Of course, it wasn’t a real pull request.

Five minutes to do all the work I defined in the Issue seemed excessively fast. Again, I am not a professional developer yet, but even a 100x developer would surely take more than a few minutes to write a full suite of integration tests, run them, and check them. Hell, it probably takes about 5 minutes to finish writing, pushing to GitHub, and clicking through menus to make a PR¹.

Anyway, by the time I started to look at the files changed, I already suspected this was AI slop, and I was not disappointed. I think at this point a lot of us are getting relatively proficient at noticing when things are written by an LLM². The single commit added 425 lines of code, along with the comments and docstrings we’ve come to expect from the likes of Claude, ChatGPT, et. al.

My favourite part was where the test functions called methods that do not exist in my code, but are generally available in tutorials and other public spaces. For example, my code uses the Unit of Work pattern via a UnitOfWork object that gets called from a service layer³. The submitted PR, instead, did the classic sqlite3 thing:

def test_address_constraints_unique_address(fake_db):
    """Test that UNIQUE constraints are enforced directly by the database
    for the combination of (start, end, street, city, province, country, postal_code)."""
    conn = fake_db
    cursor = conn.cursor()
 
    # First successful insert
    cursor.execute(
        """
        INSERT INTO addresses (start, end, street, city, province, country, postal_code, notes)
        VALUES (?, ?, ?, ?, ?, ?, ?, ?)
        """,
        (
            "1900-01-01",
            "1950-01-01",
            "123 Some Str",
            "Vancouver",
            "BC",
            "Canada",
            "V6Y 0A0",
            None,
        ),
    )
    conn.commit()

On it’s own and at a glance, I guess this can be passed off as written by a person. I guess. If you are willing to give the benefit of the doubt.

But again, this was over 400 lines of code doing similar things. And, critically, it simply does things like the whole cursor = conn.cursor() and then cursor.execute(...), which in my program will simply not work. It’s not that using a cursor object is inherently wrong - indeed, the Python documentation for sqlite3 shows examples of exactly that pattern. - its that this code would immediately fail any and every test using everything else I’ve written.

A human would immediately know this. A shitty AI-slop bot does not. An LLM assumes you are doing the same thing everyone does, all the time, in the most superficial way possible.

What I think happened

The problem, I think, starts with the age-old adage of “if you want to be a developer, contribute to FOSS projects!“. Probably good advice, mind you, but in a rather saturated market with tons of people like me trying to carve out a space for ourselves I think this hits the limit of what is reasonable. How many of those contributions to FOSS projects are for things the contributor actually cares about? How much of it is for the sake of posturing and including a LinkedIn reference that says “Look at me! I contributed to $FOSS_PROJECT!“?

Anyway if you are looking to contribute to something and you’re just starting, going to GitHub and finding open issues with the Good First Issue label seems like a reasonable thing to do. A simple Github search for good first issue results in over 350 repositories. There are also countless pages to search for and find things marked Good First Issue, i.e. from a very simple search:

https://goodfirstissue.dev/
https://goodfirstissues.com/
https://forgoodfirstissue.github.com/

So what happens when I create an issue on my public repository and apply the label Good First Issue? Well, it gets thrown into those lists. In theory this is good - people can search for this kind of thing, contribute, and learn. But the reality now seems to be that this type of aggregation can be and is used by bots, and thereby they can start to “contribute” to projects in the most inane way possible. It means they can make PRs on every project that presumably used the Good First Issue label as a way to onboard new contributors.

It means people who maintain those repositories also have to deal with LLM-generated crap. This is, I suppose, no different from all the complaints about LLMs and crawlers accessing every website over and over.

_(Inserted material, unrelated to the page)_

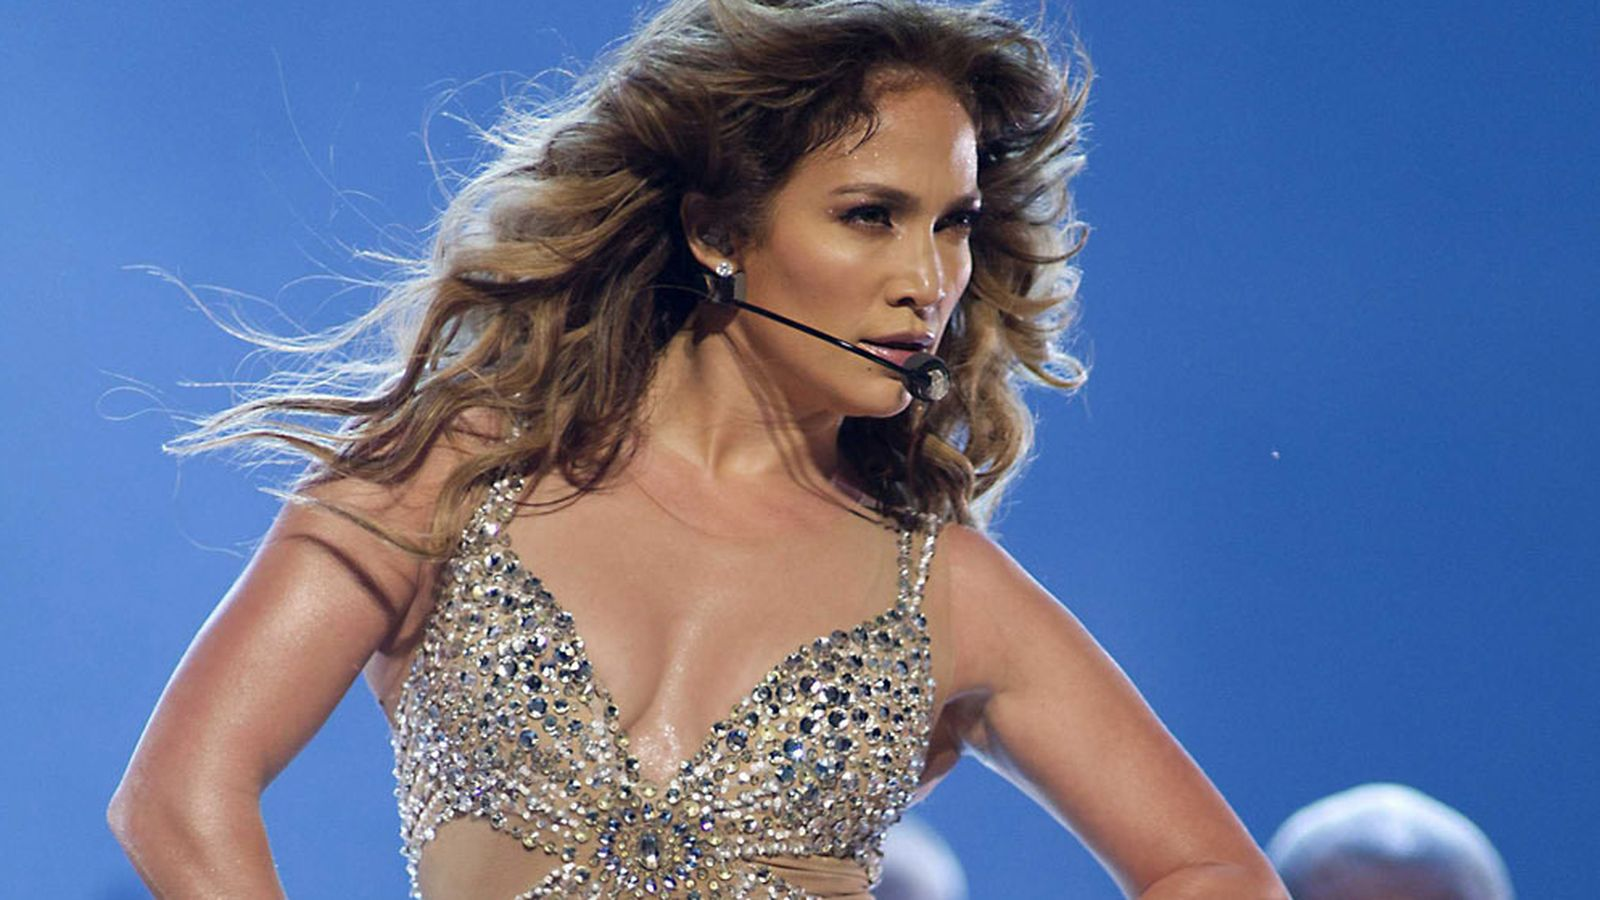 Foto: La cantante Jennifer López, en una imagen de archivo (Gtres)

In any case, I think once I added the label to the issues on my project, the issues bubbled into those lists and searches. From there, it got picked up by this bot that is configured to look for the specific label. From their repository⁴:

    SEARCH_QUERY: str = 'is:issue is:open label:"good first issue"'
    MAX_ISSUE_AGE_DAYS: int = 60
    MAX_ISSUE_COMMENTS: int = 5

It then “processes” the repository by forking, cloning, and then adding fixes that lack any sort of human context. At least, I guess, the person who made this in the first place took enough care to add a friendly little warning to their PRs: `Please review carefully before merging.

So what?

This is a “user” that has had 285 contributions in the last year - all of them in the past 4 days or so. They forked over 160 repositories in the past 3 days.

I think my problem with this isn’t the creation of the bot in itself. I mean, if you wanted to learn how to use an LLM, create a project, use MCP, all of that - well, kudos to you! But for the love of God, let it run amok in your own repositories. The offensive part is that they simply let it operate on all of GitHub, and in particular with the Good First Issue label that was designed as an on-ramp to projects. I mean, I am unwilling now to apply the label to any open issue in my projects. I don’t want to interact with uninvited bot spam like this. It also, I suspect, doesn’t stop there: what happens when the SEARCH_QUERY is simply is:issue is:open? At that point may as well make the projects private.

Perhaps I am exaggerating the problem, it’s not all doom and gloom. Perhaps the consequences are not all that bad. But it does feel like it cheapens and devalues both the time and work of open source projects as well as the effort of potentially-first time contributors. Having to deal with this is another thing that is abusive in the context of the open web, of interoperability, of having technology for humans.

And look, it’s like I’m advocating for not using LLMs. I certainly use them, and fairly regularly. Sometimes I’m stuck on a problem for so long I just ask for suggestions (and of course I read and modify the code!), sometimes I use it to simply detect logical issues, sometimes I use them to search for things, sometimes I don’t feel like writing something and I ask for a ready-made function (for things I have done before). But it’s a tool, a thing I use to accomplish other things, not to spam people and issues and promote garbage.

So for now, at least, my solution is that Good First Issues will not exist in my repositories. I will not mark anything with that label. I will make whatever I do less inviting, which sucks, but I guess we are already losing the battle on this anyway - just look at email or generally web access.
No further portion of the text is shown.